What happened to the French mainstream parties?

After Emmanuel Macron and En Marche! crashed into the French political landscape, the two mainstream parties went on a soul-searching mission.

The Republicans sent out two questionnaires to its members to find out what they think Republicans are about. More than 400,000 responded and the results are sometimes surprising. A clear majority of the members (77%) is for a party that encompasses different strands, a clear warning to the front runner for the leadership of the party, Laurent Wauquiez, who wants to concentrate the party line further to the right. As for the qualities, the members find that the Republicans should be reforming (49%), liberal (36%) and Gaullist (33%) more than patriotic (26%) or European (21%). Very low ranked is conservatism (11%), this “it was better in the past” that some senior figures in the party want to tap into. In terms of subjects they ranked first issues of justice, security and immigration (72%) before economics (61%) and well ahead of education (29%) or European (17%). Members don’t want primaries any more and think that a left-right spectrum has to be redefined amid Macron, but that it always existed and will continue to do so. Among the six candidates for the leadership contest in December, Wauquiez seem to be the only heavyweight in the race, with enough backing for his candidacy.

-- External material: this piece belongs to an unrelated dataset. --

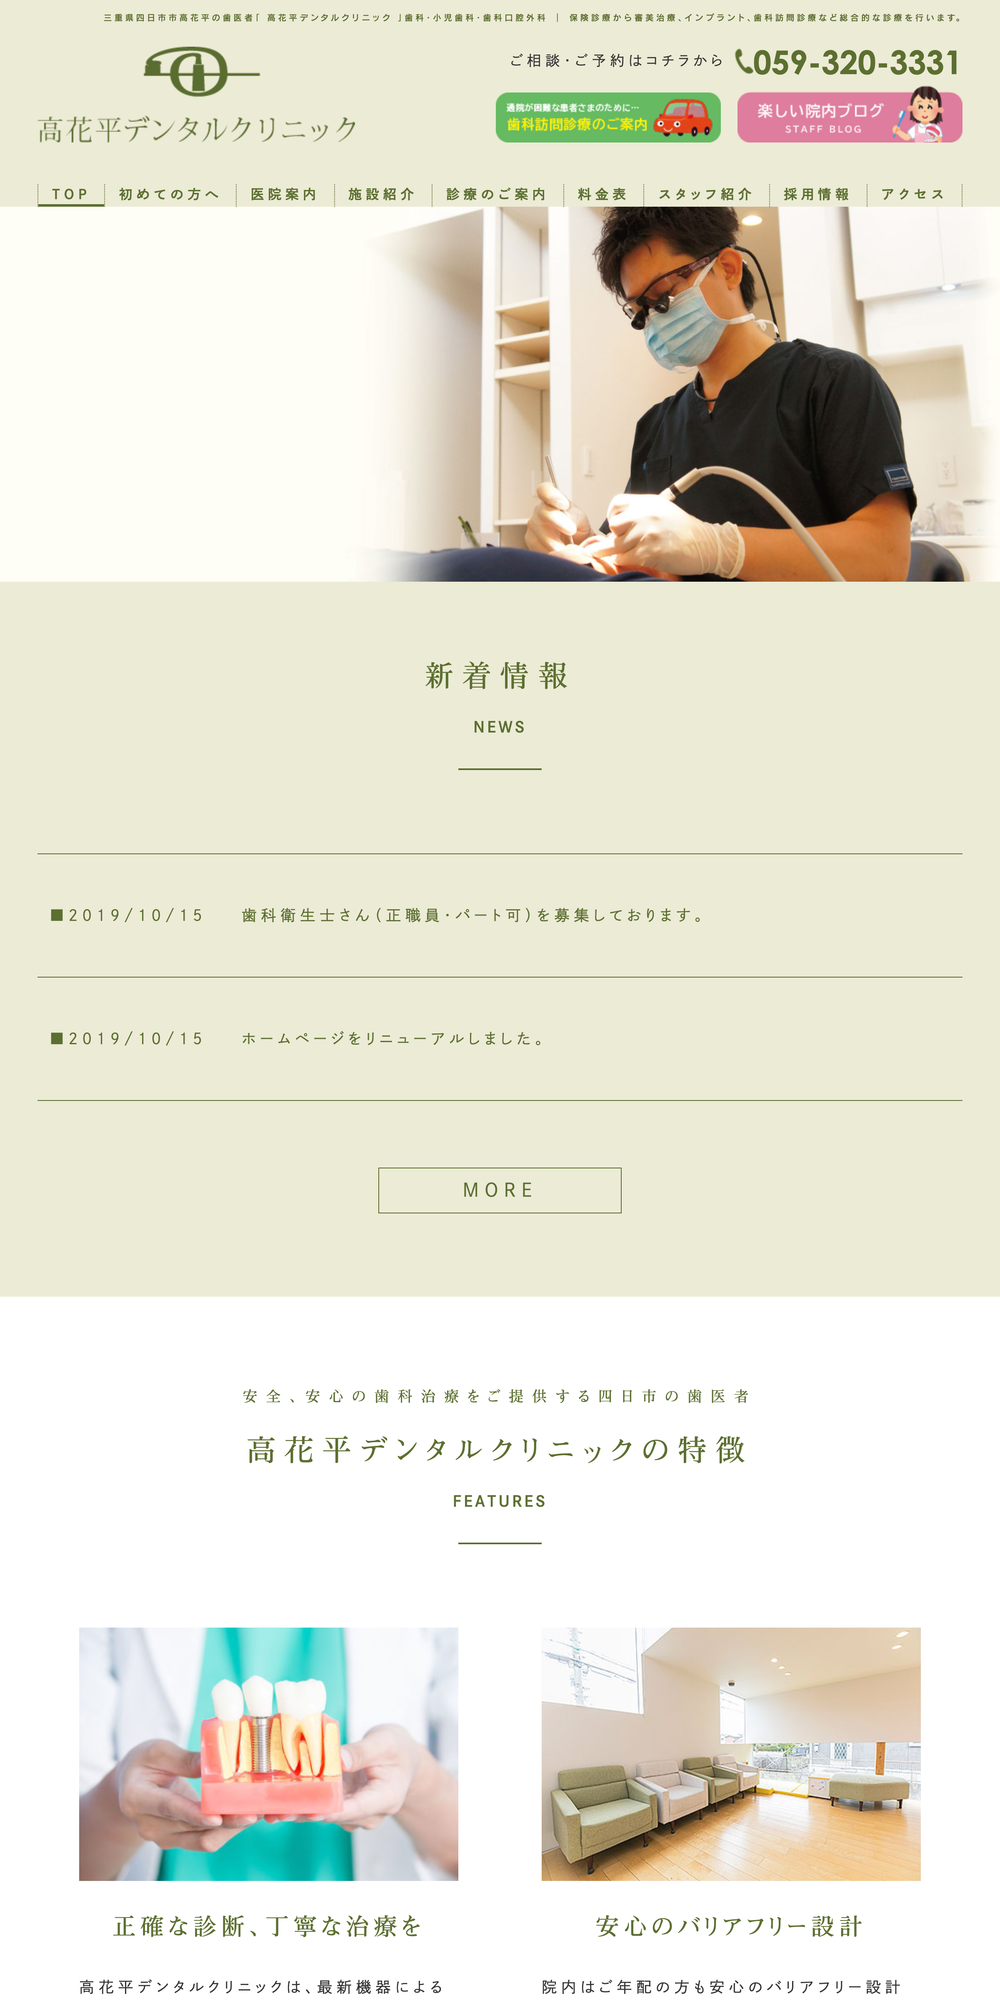 病院 クリニック おしゃれまとめの人気アイデア Pinterest Taro Sanko 歯科衛生士 歯科医院 口腔外科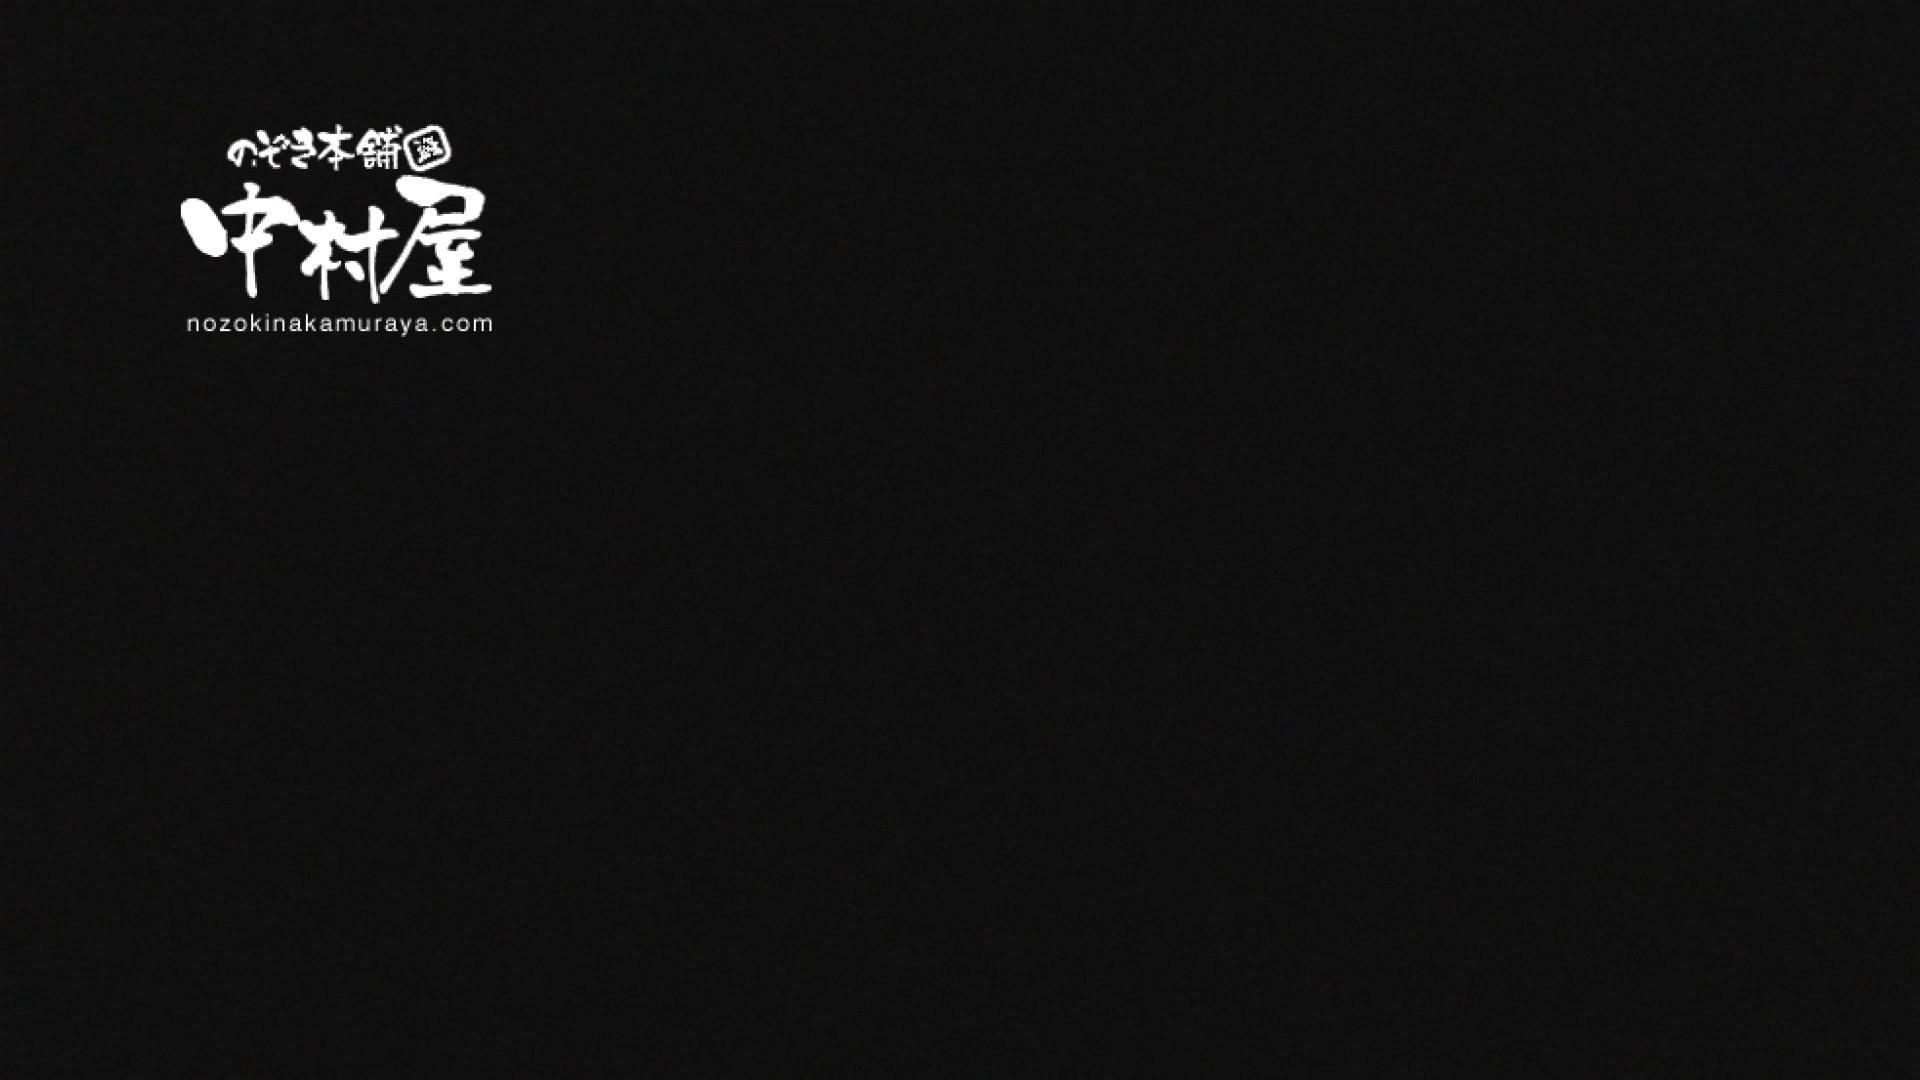 鬼畜 vol.19 ワカ目ちゃんに中出し刑 後編 鬼畜  112PIX 106

About 200 Socialists from the second tier published their 10 commandments for a re-foundation of the Socialist party in the Nouvel Observateur yesterday. They call for a renewal after consulting the members, they refuse a double membership with either à La République en Marche of Emmanuel Macron or the Mouvement du 1er Juillet of Benoît Hamon. No former minister shall be part of this reform process. As for the subjects for the party they list equality, justice and solidarity, the defence of the European project, ecology and decentralisation. The party congress is not until 2018, but the battle for renewal has begun.